William Morris Archive

by Peter Wright

Page 112, Line 20. that bare the pitcher’s load. Presumably on her head.

Page 113, Line 36. as a thought that flitteth. Introducing the magical swiftness of the Phaeacians’ ships; cf. lines 109, 321-8.

Page 114, Lines 58-60. Eurymedon high of mind ... the Giants in their pride ... And he wrecked his folk infatuated. The Giants of Hellenic myth are not unlike those of Nordic myth, whom Morris knew from the Eddas, opponents of the Gods dwelling on the margins of the world, massive and mighty, but uncouth. Nothing is certainly extant about Eurymedon or his people. One Giant so named was involved in some versions of the War of the Giants against the Gods (of which Homer does not seem to have spoken), and he or another was supposed to have raped Hera before her marriage to Zeus: Gantz, Early Greek Myth, 445-54. In line 206 the Giants are nevertheless admitted to be kin to the Gods.
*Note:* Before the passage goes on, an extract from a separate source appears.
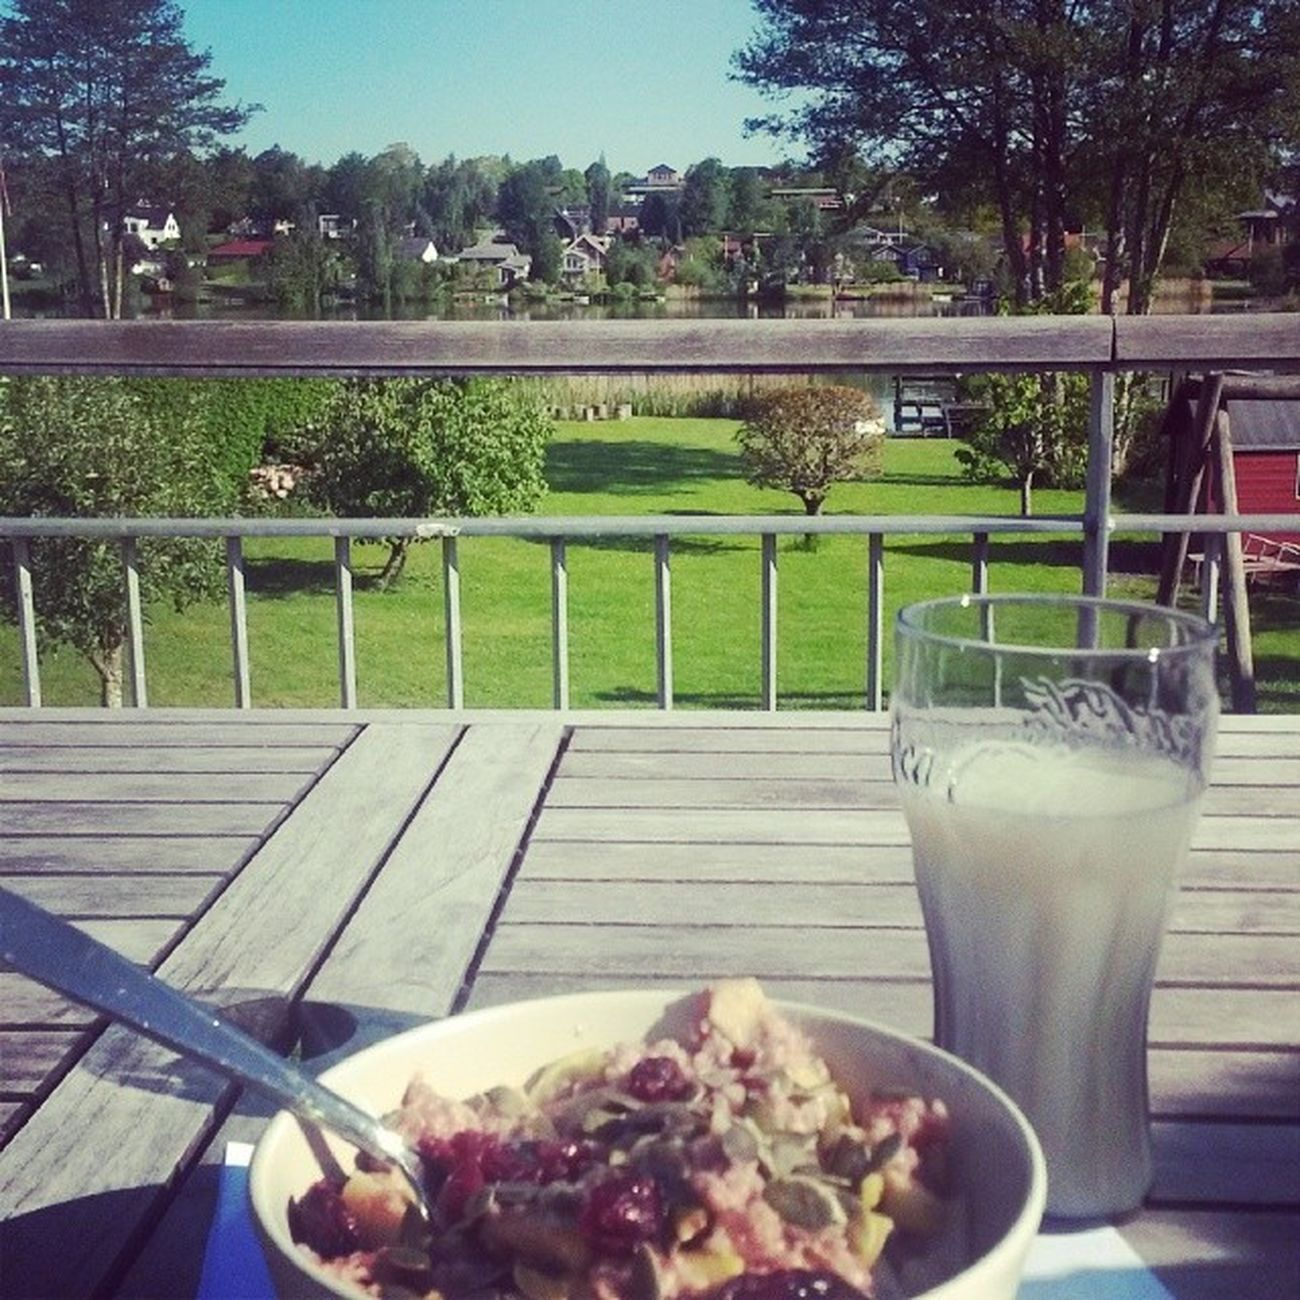 Morgenmad på terrassen i det smukkeste solskin :) Renlykke Hjemkærehjem Læseferie Virklund

Page 114, Lines 61-78. Nausithous ... Rhexenor ... Alcinous ... Arete ... her as a helpmate Alcinous wooed and won ... With such worship as no woman on earth hath had before Greek morality condemned as incestuous unions between parent and child and between full siblings, but allowed, and in Athens even encouraged, those between uncle and niece, as helping preserve the sacred rites that belonged to citizen families: cf. G. M. MacDowell, The Law in Classical Athens (Thames & Hudson, 1978), 5-7. The great authority accorded here, and in Book vi, 303-25, to Queen Arete is remarkable, compared with the normally patriarchal practices of Hellenic society, and half-tends to assist Samuel Butler’s theory of female authorship.

Page 115, Lines 80-1. unto Marathon hied she. Marathon, in a bay northeast of Athens, the center of an ancient league with its own rituals, but now chiefly famous as the site of the first great battle in which Hellenes defeated a Persian army. Although the poet usually suggests that the Phaeaciians dwelt west of Greece, the goddess seems to be approaching Athens from the northeast.

into Erechtheus’ homestead. In ancient times the shrine of Athens’ patron goddess would have been within the palace of its aboriginal kings, whose line included Erechtheus; it probably stood on the north side of the Acropolis, on the site later occupied by temples to her, and finally by the surviving Erectheum.    

Page 115, Line 87. the frieze. Tr. ‘thrinkos’: better ‘the cornice’.

Page 115, Line 91. dogs of gold and silver. These, and the ’serving swains of gold’ in line 100, are presumably active automata (cf. line 94), like the wheeled golden tripods that Hephaestus is making in Iliad, Book XVIII, 173-7.

Page 117, Lines 137-8. they poured forth wine … to the keen-eyed Argus-bane. Presumably a libation before sleeping; cf. Book v, 47-8.

Page 119, Line 197. the Dreadful Spinners. Tr. ‘Klothes’: the Fates who spin the threads of men’s destinies; not yet distinguished into a named triad.

Page 119, Line 206. the Cyclops. For whom see note on Book ix, 166.

Page 119, Line 216. the belly-beast. The belly compared (‘kunteros’) to a dog.

Page 121, Line 271. Poseidon the Earth-shaker. The poet has given Odysseus his own knowledge.

Page 121, Line 286. sleep … the God about me shed. Here simply ‘theos’, unidentified.

Page 123, Lines 323-6. Rhadamanthus … Tityus the great Earth’s very son. No myth is extant explaining why Rhadamanthus was ’following’ Tityus for such a distance, unless he was involved, as a judge, with Tityus’ sin, for which see  Book xi, 576-81. The Earth’s sons are often Giants: Hesiod, Theogony, 185.